McCANN: Absolutely. Historically, we know that is a method of attack that has been used, and really, it comes down to combat efficiency, not fearlessness. If you're fearless, but combat inefficient, you can be killed easily by fearful troops who remain courageous and combat-efficient. And I'm not insinuating that our troops are fearful to the point of being inproficient, because that is NOT the case.
CHAT PARTICIPANT: We seem awfully busy chasing bin Laden around the "barnyard." Aren't there smarter strategies for capturing bin Laden?
McCANN: Rest assured that what you're seeing is what you are allowed to see, and what you are allowed to know. As the President stated very early, there are many, many parallel methods and venues being used and engaged while people mostly fixate on Afghanistan.
CHAT PARTICIPANT: How do we know the radio signals [heard from the caves of Tora Bora] were not a tape?
McCANN: We are certainly, I'm sure, trying to discern that that was an actual voice transmission, and not a pre-recorded transmission designed to deceive the U.S. concerning his whereabouts. However, an undertaking like that is difficult, given battlefield conditions, poor quality radios, and a challenging signals environment such as Afghanistan.
CNN: Why did we learn so much about the killed CIA officer Mike Spann? Aren't those deaths supposed to remain anonymous?
McCANN: I asked an old friend of mine who was a Marine Raider in World War II, and following that, a career CIA officer throughout the Cold War. He told me that if it was released, it was for a purpose -- perhaps to let people know the depth of involvement across many governmental agencies, and many different department of defense entities in the conflict.
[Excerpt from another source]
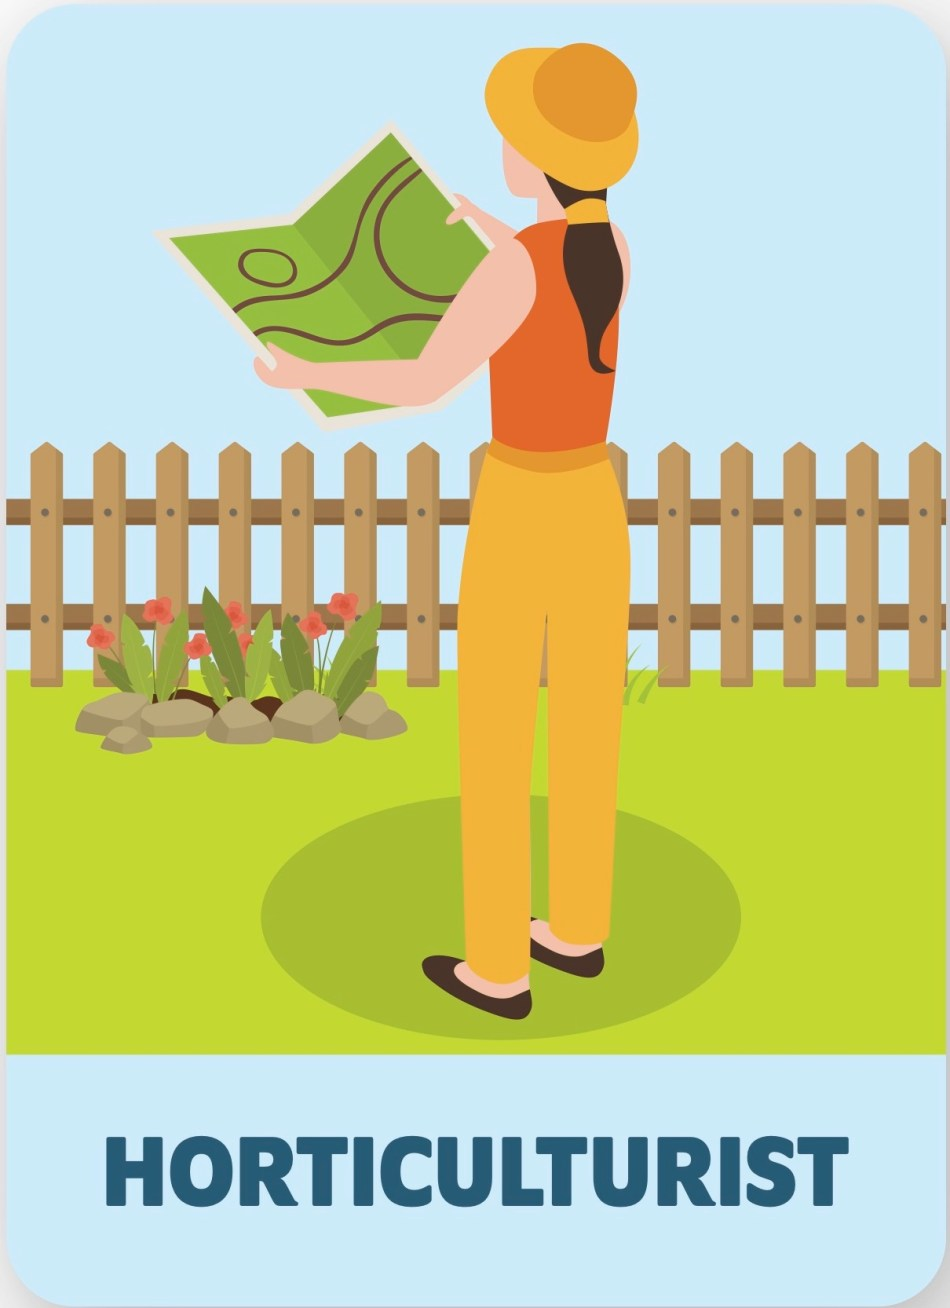 Illustration of horticulturist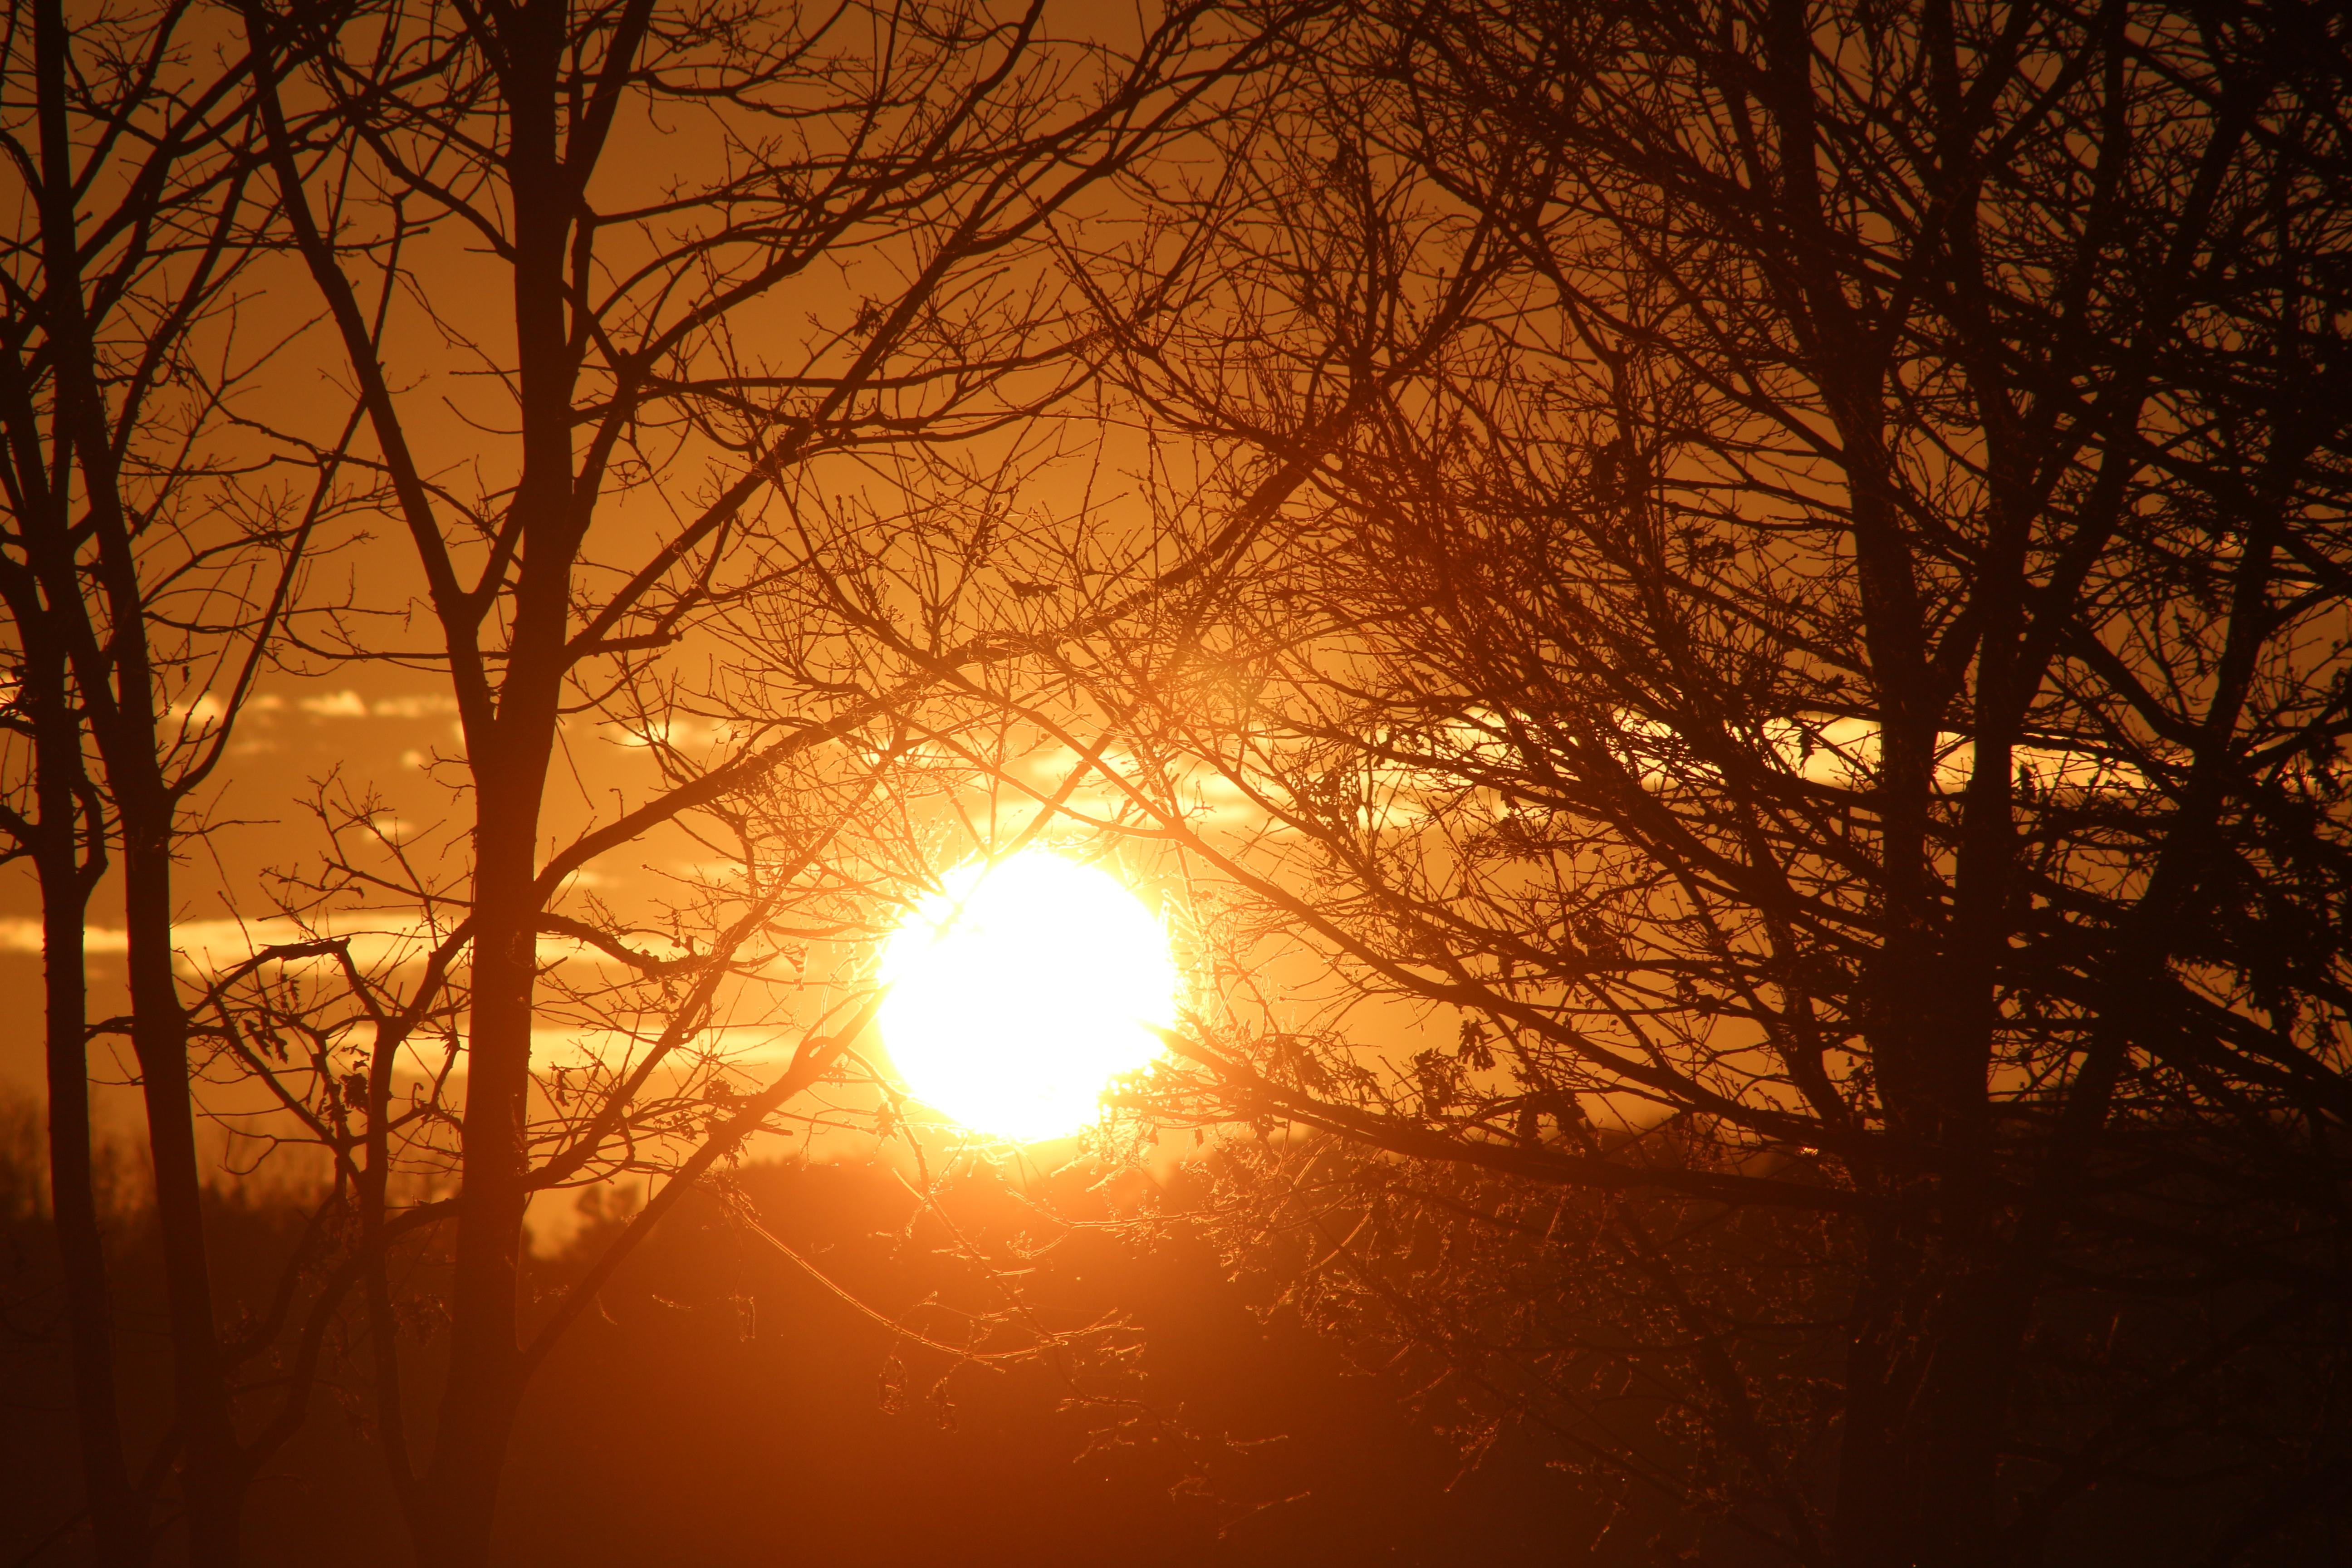 Free Images Sunset Sun Sunrise Branch Atmosphere

CHAT PARTICIPANT: Why do you think Osama picked Afghanistan from the hat of possible regions to start training camps? What regions would be most likely to be used for the next round of training camps?
McCANN: Largely, he based his choice, presumably, on several factors. One, a support of a host nation. Two, a basic inaccessibility. Three, a mythological history as a battlefield that is difficult to win on. As for the next battlefield, I champion the battlefield where we have suffered the most American casualties to date -- here in the United States. Any training camps necessary to support terrorists who might deploy here to the United States will be hard to start up under the growing magnifying glass that the world community seems to be interested in developing.
CNN: Do you have any closing comments for us today?
McCANN: I appreciate everybody asking these questions, and staying informed. And I challenge everybody to remember that nobody, in government or military service, wakes up and says: "Today is my day to make the biggest mistake of my life." In sharp contrast, they're all trying to do the absolute best they can to safeguard all of us and those we love. More than ever, we need to be vigilant, supportive, and understanding.
CNN: Thank you for joining us today, Kelly McCann.
McCANN: Thank you.
Kelly McCann joined CNN.com Newsroom via telephone from Virginia. CNN.com provided a typist for him. This is an edited transcript of the interview on Tuesday, December 18, 2001.